I will say this doesn't work quite as well for certain plant taxa, at least for the silhouettes that show the whole organism (or the above-ground portion), since some plant lineages can change in gross form rather quickly and frequently (vines, shrubs, trees, etc.). But I think it can still work reasonably well for silhouettes of parts of the anatomy in those cases.
And, despite some issues, I find this approach more sound than arbitrarily picking some derived species as the "typical" one. Not a fan of that kind of typological thinking in general.
"You appear to be worried that the function of displaying all pics for one clade will not work for panbiota or vertebrates, but really how many people do phylogenies at that level?"

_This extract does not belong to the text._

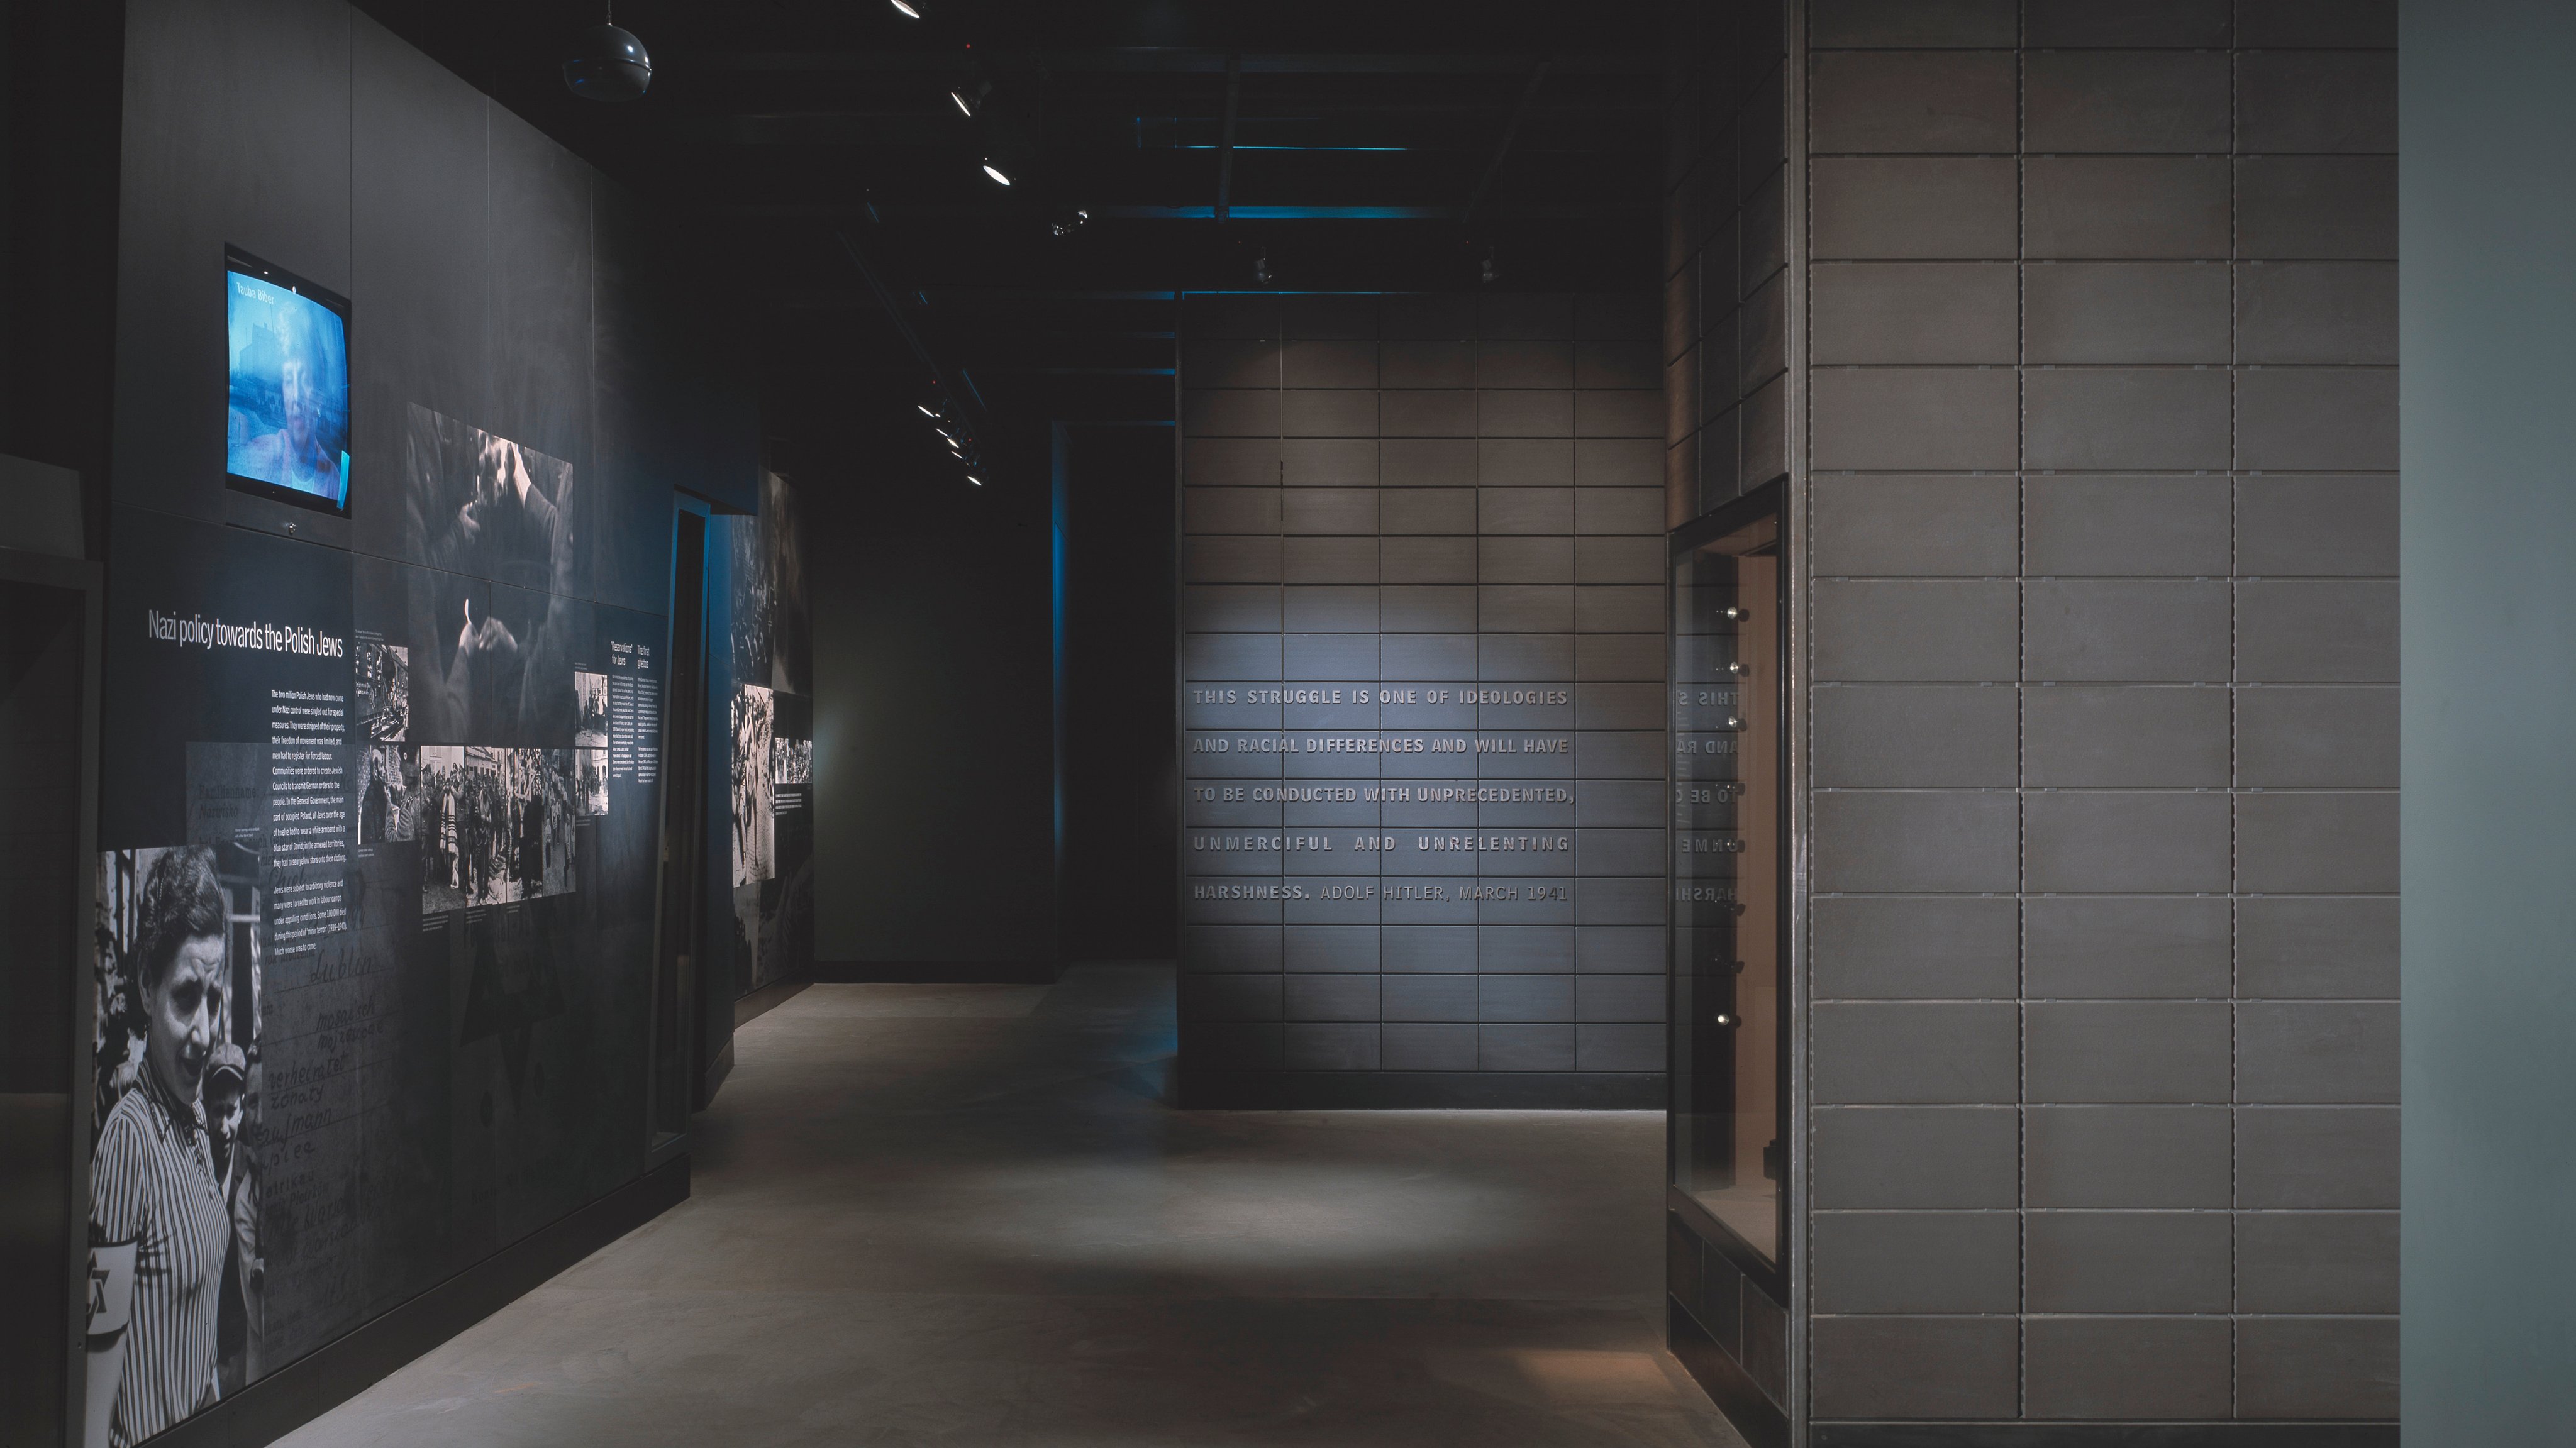 Galerias do Holocausto no Museu de Guerra Imperial de Londres

People working on higher-level animal phylogeny certainly might use Vertebrata! At least in overview diagrams, if not as an OTU in a matrix itself.
But you are proposing having an arbitrary cutoff level for the size of a clade? How does one come up with that?
Re ancestral form: I think we are talking past each other. We agree entirely on the problems with the typological approach, that is just what I meant. But as far as I can tell, at the moment the 'lineage' function of PhyloPic relies mostly on using "typical" derived species.
DeleteRe displaying pics for a clade: I was thinking that PhyloPic already has a function for displaying large numbers of silhouettes, as happens when the user clicks on "browse". It displays the last 72 submissions and a "more" button. I merely envisioned that the same could happen with all vertebrate submissions if somebody uses the relevant search function and enters vertebrata or whatever.
"But as far as I can tell, at the moment the 'lineage' function of PhyloPic relies mostly on using "typical" derived species."
DeleteIt shouldn't! If there are any instances where you think a silhouette attached to a clade is not a reasonable approximation of the ancestral form, please let me know. I've done my best, but I'm not an expert on all branches of the Tree of Life.
Yes, PhyloPic does have a method for displaying large numbers of images, and that will be repurposed. But that's not the problem. The problem is querying for the right images. It's very easy to make a query that pulls all of the images. But with the current data schema, it's practically impossible to create a performant query that finds all images in a large clade, since it would involve traversing every node within that clade.
The solution will be first to create image sets. (These will work similarly to the name sets that are used for lineage pages with multiple termini.) The primary purpose of this is to allow people to create a sort of "shopping cart" of images, with auto-generated attributions, a single download, etc. That will make it a lot easier to collect images for a diagram, without losing the license information, etc.
Once this is done, I'll be able to add associations between taxa and image sets. When an image is added to a lower taxon, a script will run to update the image sets for all ancestral nodes. Traversing the tree toward the root is far, far faster than traversing toward the leaves.